I'm still going through the motions of 'Did I do the right thing?' I feel terrible, almost like I failed...failed her in particular.
The only way you can fail someone in a relationship, IMO, is to lie to them (or yourself) and waste their time staying with when it's not working / keeping that bit secret. That takes away their choices (to stay and try and see if it can work if XYZ is changed, or can be changed... Or to go... The mutual decision thing), and their chances to find someone who can be a partner to them & they can be a partner in return. Cheating is only one example of that kind of betrayal, although it's one of the better known ones. Doesn't mean it's wrong to stay together when things are hard, or you don't
know if it will work, or not. But if you know this isn't going to work for you? You don't string them along, lie, and betray them. You find your balls, and do the right thing, and break up with them. Just because a relationship fails, doesn't mean the individuals in the relationship failed.
...it is easier for them to believe you're just a liar, cheat etc because then you're so much easier to hate, this is why they argue with or ignore the contrary evidence.
This alone would have been more than enough for me to end it, with whomever, & whatever their issues are/were. Anyone who hates me? Can kiss my ass. Sayonara.

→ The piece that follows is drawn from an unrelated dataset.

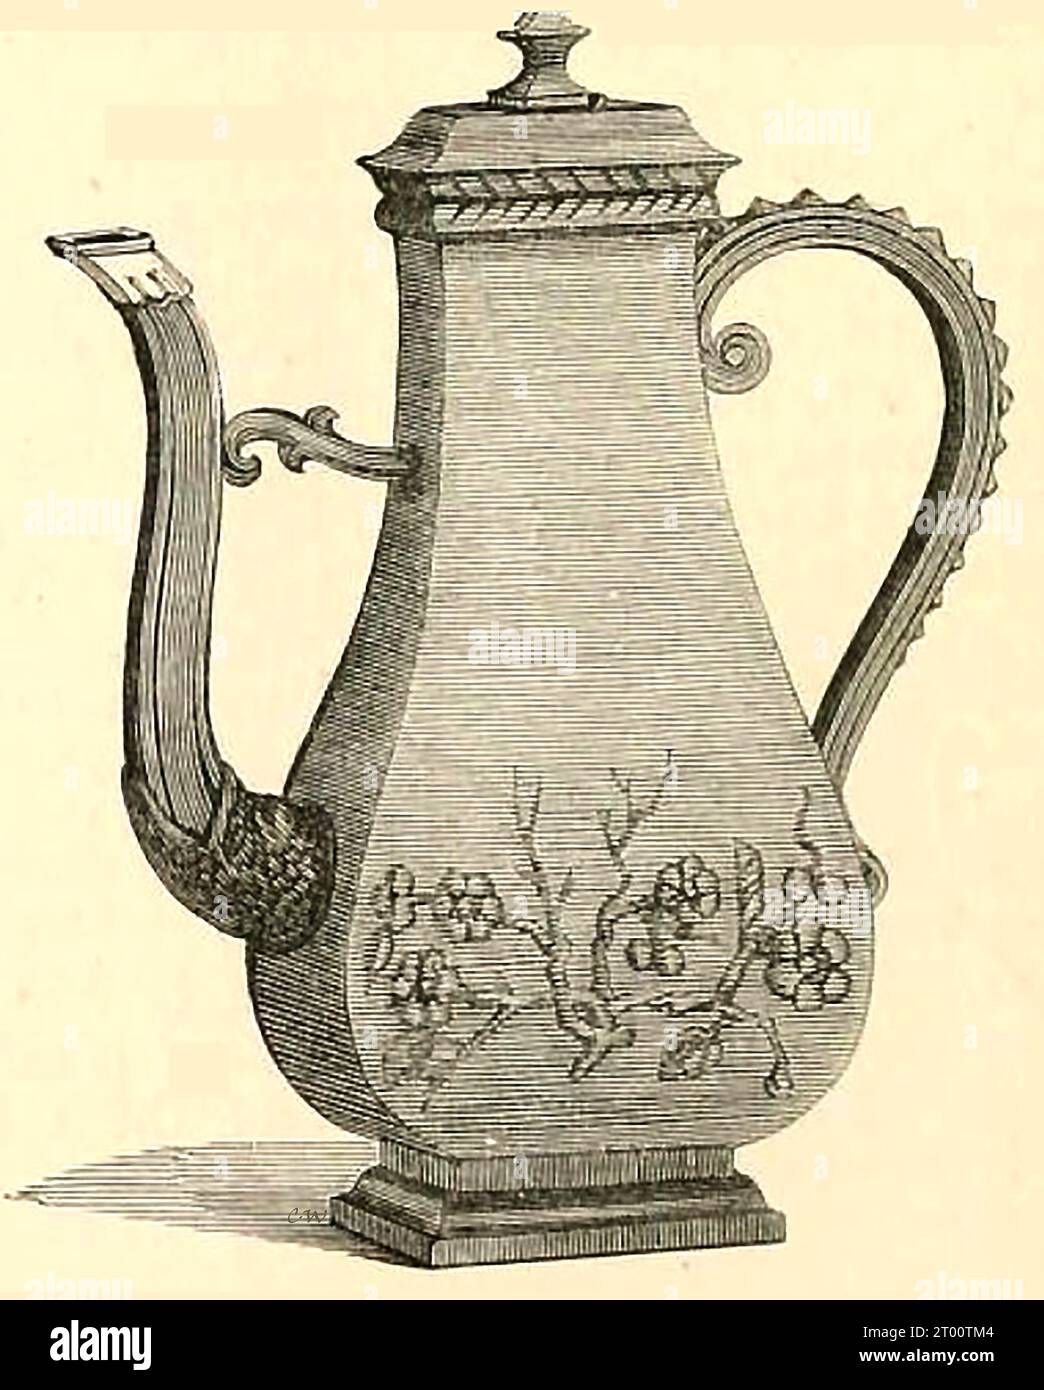 https://c8.alamy.com/comp/2T00TM4/a-19th-century-engraving-showing-an-example-of-a-bottcher-ware-coffee-pot-ein-stich-aus-dem-19-jahrhundert-der-ein-beispiel-einer-bottcher-ware-kaffeekanne-zeigt-2T00TM4.jpg

But that's the thing about dating, though. It's all about lining up preferences. And everyone's preferences and personal scales of what they love-like-don't mind-dislike-cannot abide? Are different. You put up with a helluva lot of bullshit I don't tolerate at all, meanwhile I have no problem with the thing that ended you two. Everyone has their own spectrums.
You're bad, they're safer without you etc. Projecting that onto you would reduce the guilt of cutting you out.
I'm the opposite. I'm a terrible person & I know it, they're safer without me. The guilt comes with staying, not leaving.